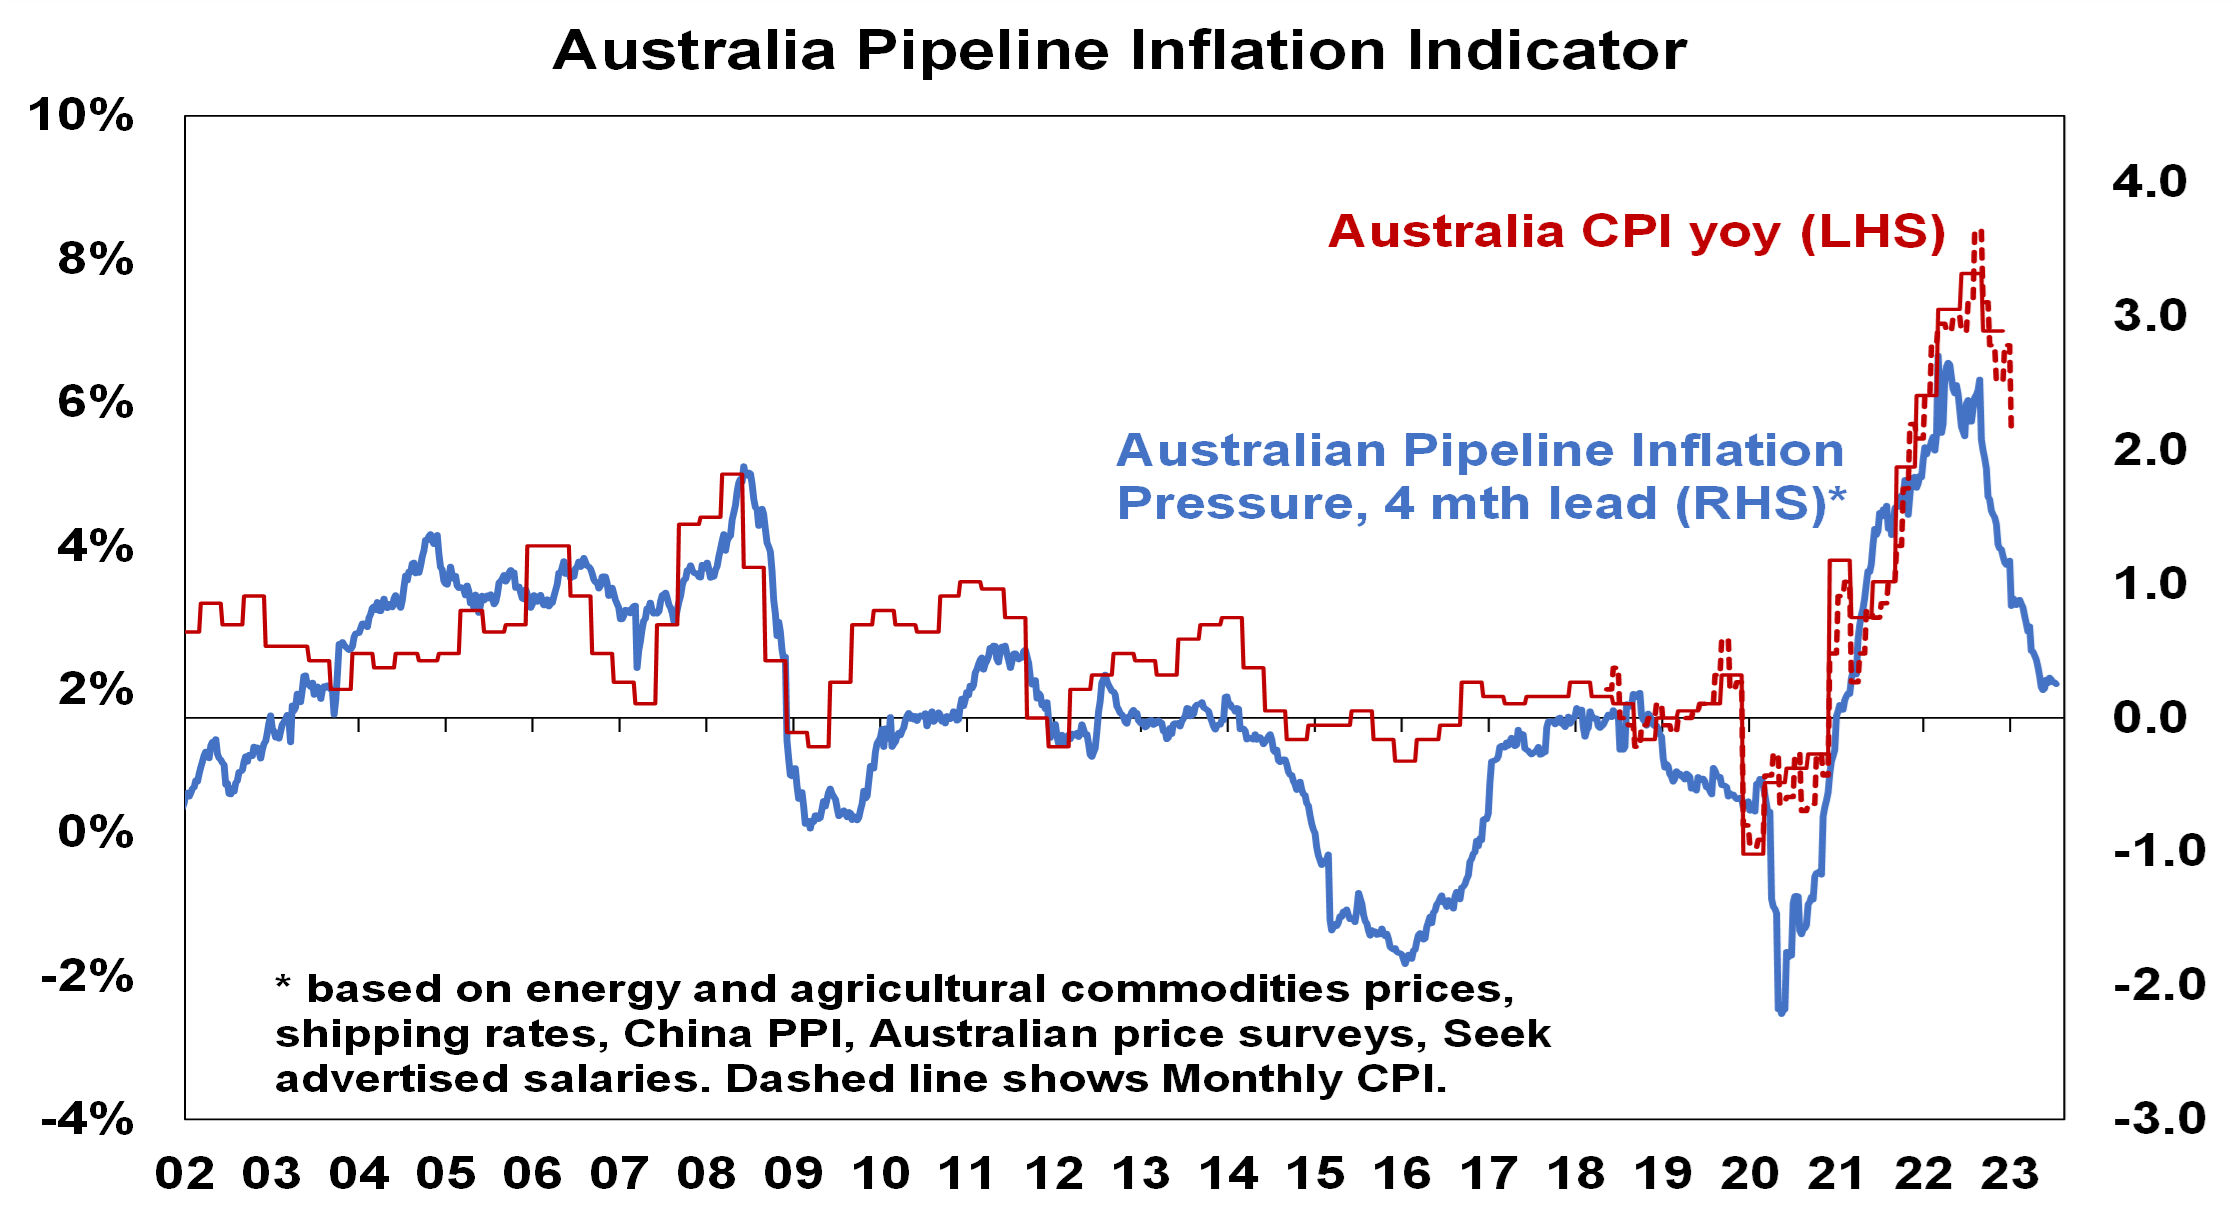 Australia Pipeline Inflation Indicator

==

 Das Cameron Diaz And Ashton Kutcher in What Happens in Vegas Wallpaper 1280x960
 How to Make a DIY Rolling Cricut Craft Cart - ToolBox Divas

...

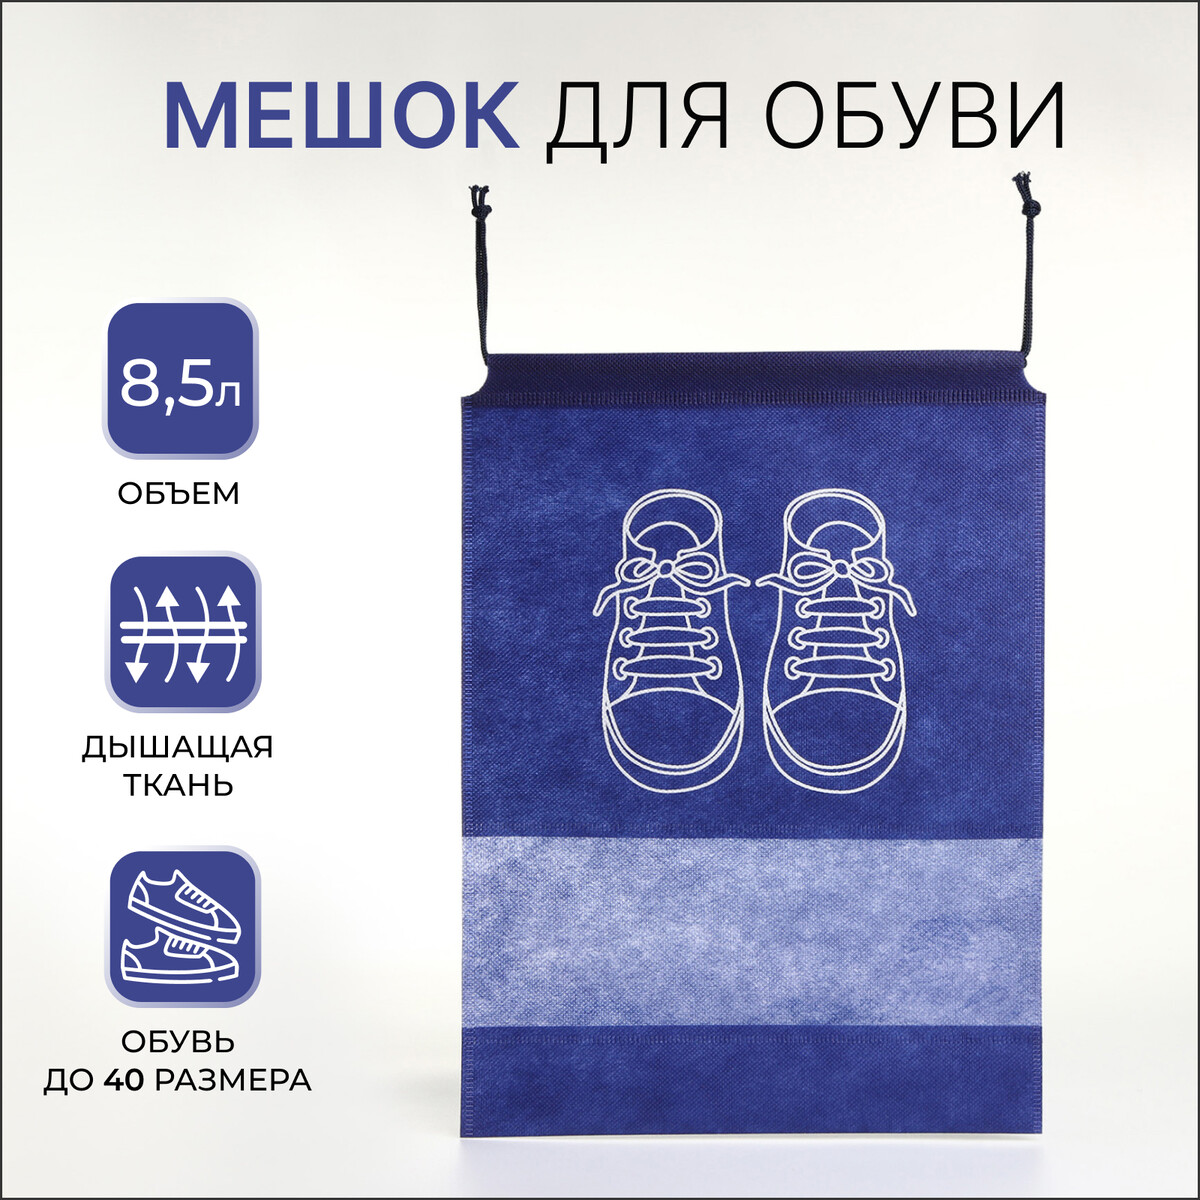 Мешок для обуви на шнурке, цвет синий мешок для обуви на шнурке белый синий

#### WORK REQUIRED:
Retype only the lines above between the line with "Das Cameron Diaz" and the line with "How to Make", counting those two lines as well, and keep every character as it is.

#### RESPONSE FOR THIS EXERCISE:
 Das Cameron Diaz And Ashton Kutcher in What Happens in Vegas Wallpaper 1280x960
 How to Make a DIY Rolling Cricut Craft Cart - ToolBox Divas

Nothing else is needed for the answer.